## Required action
The required answer is the data below, restated word for word with images omitted.

## Supplied data
[Start of Attachment]
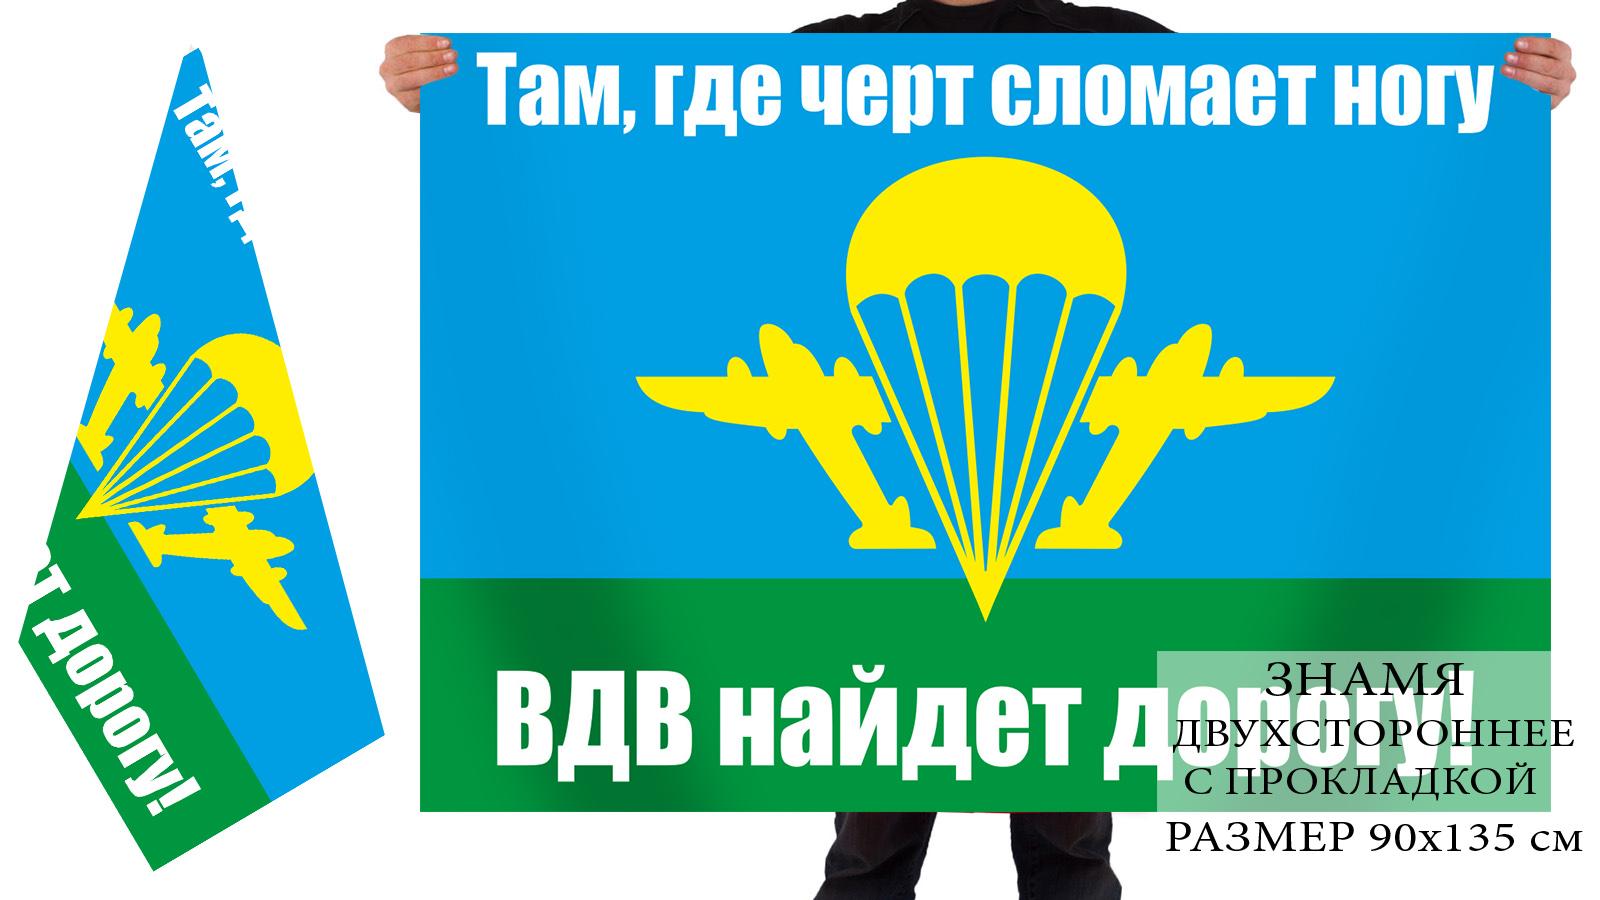 Купить недорого в Москве флаг ВДВ
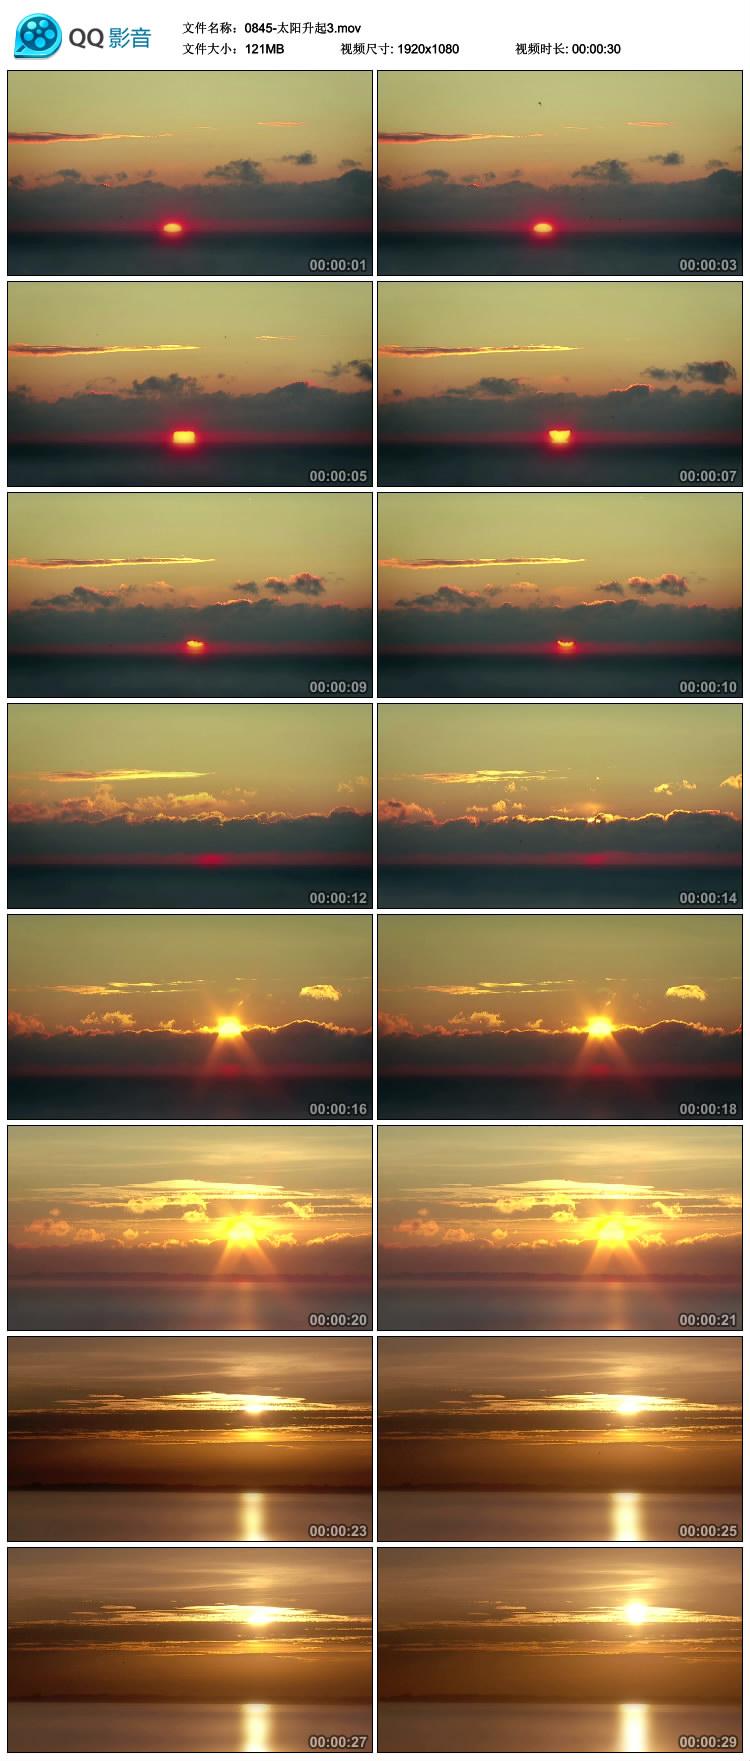 太阳升起日出朝霞云层光线中国高清实拍视频影视制作素材1080P
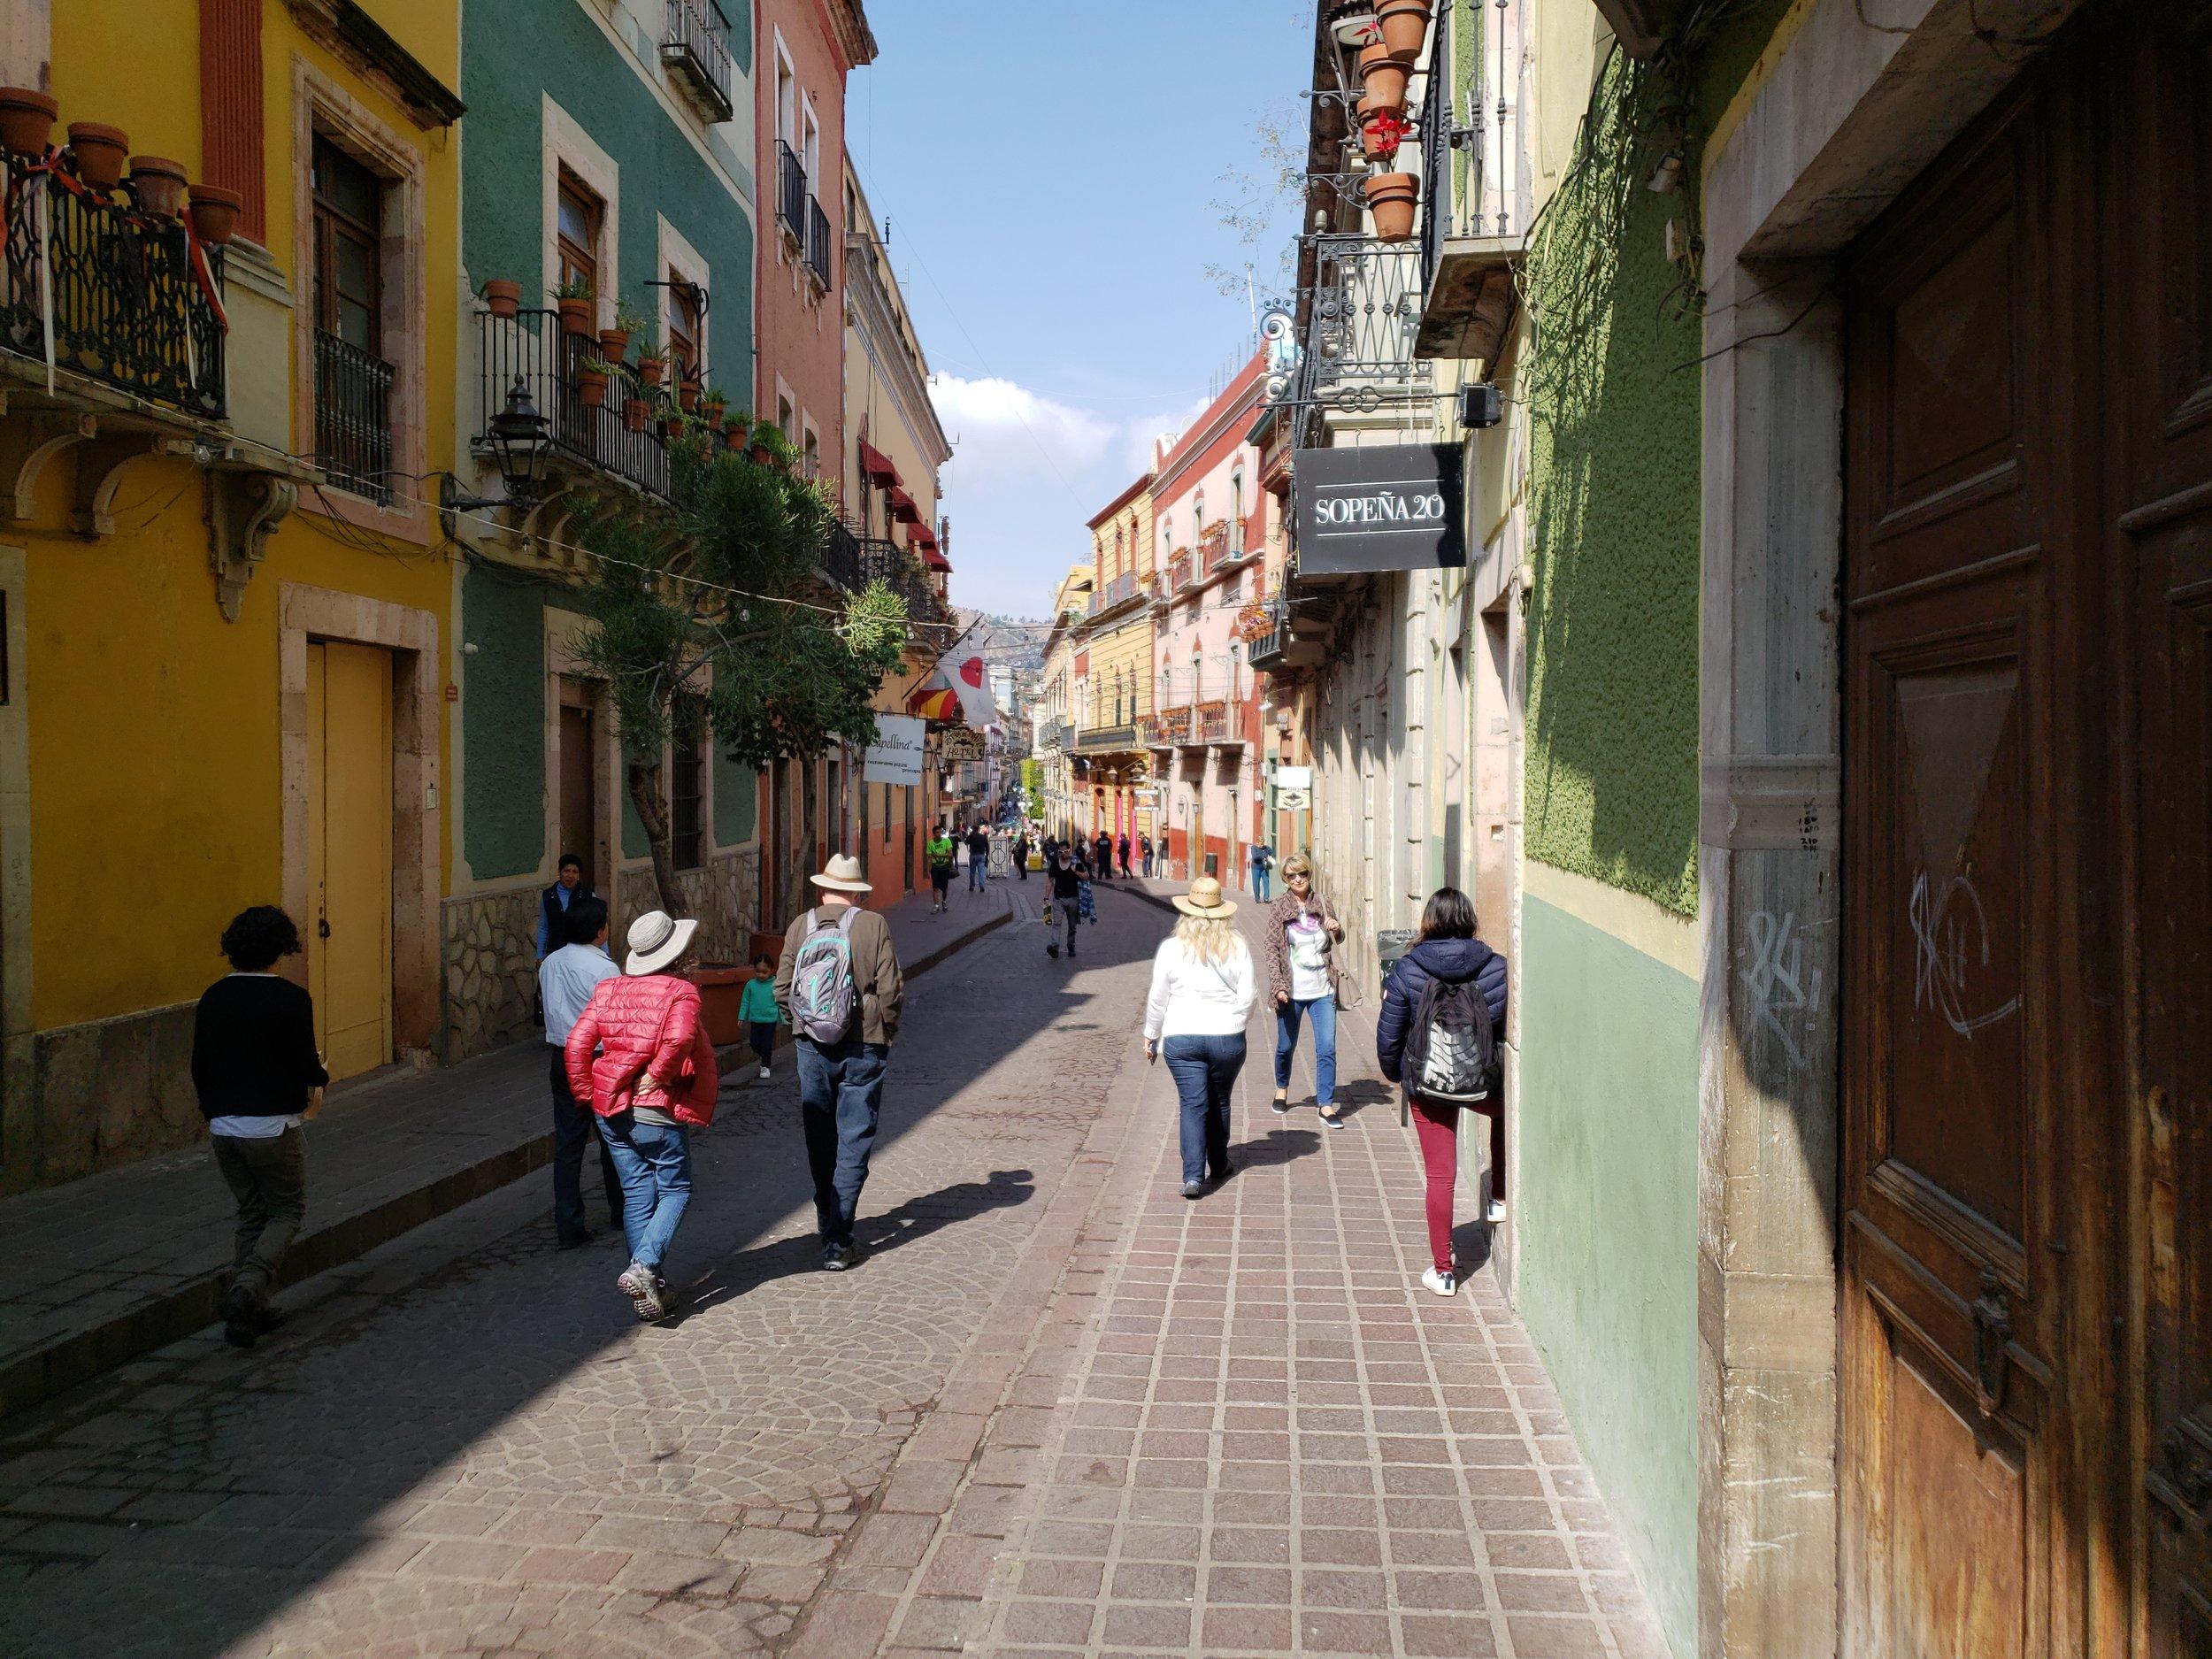 Street scene in Guanajuato
[End of Attachment]
## Task output
 Купить недорого в Москве флаг ВДВ
 太阳升起日出朝霞云层光线中国高清实拍视频影视制作素材1080P
 Street scene in Guanajuato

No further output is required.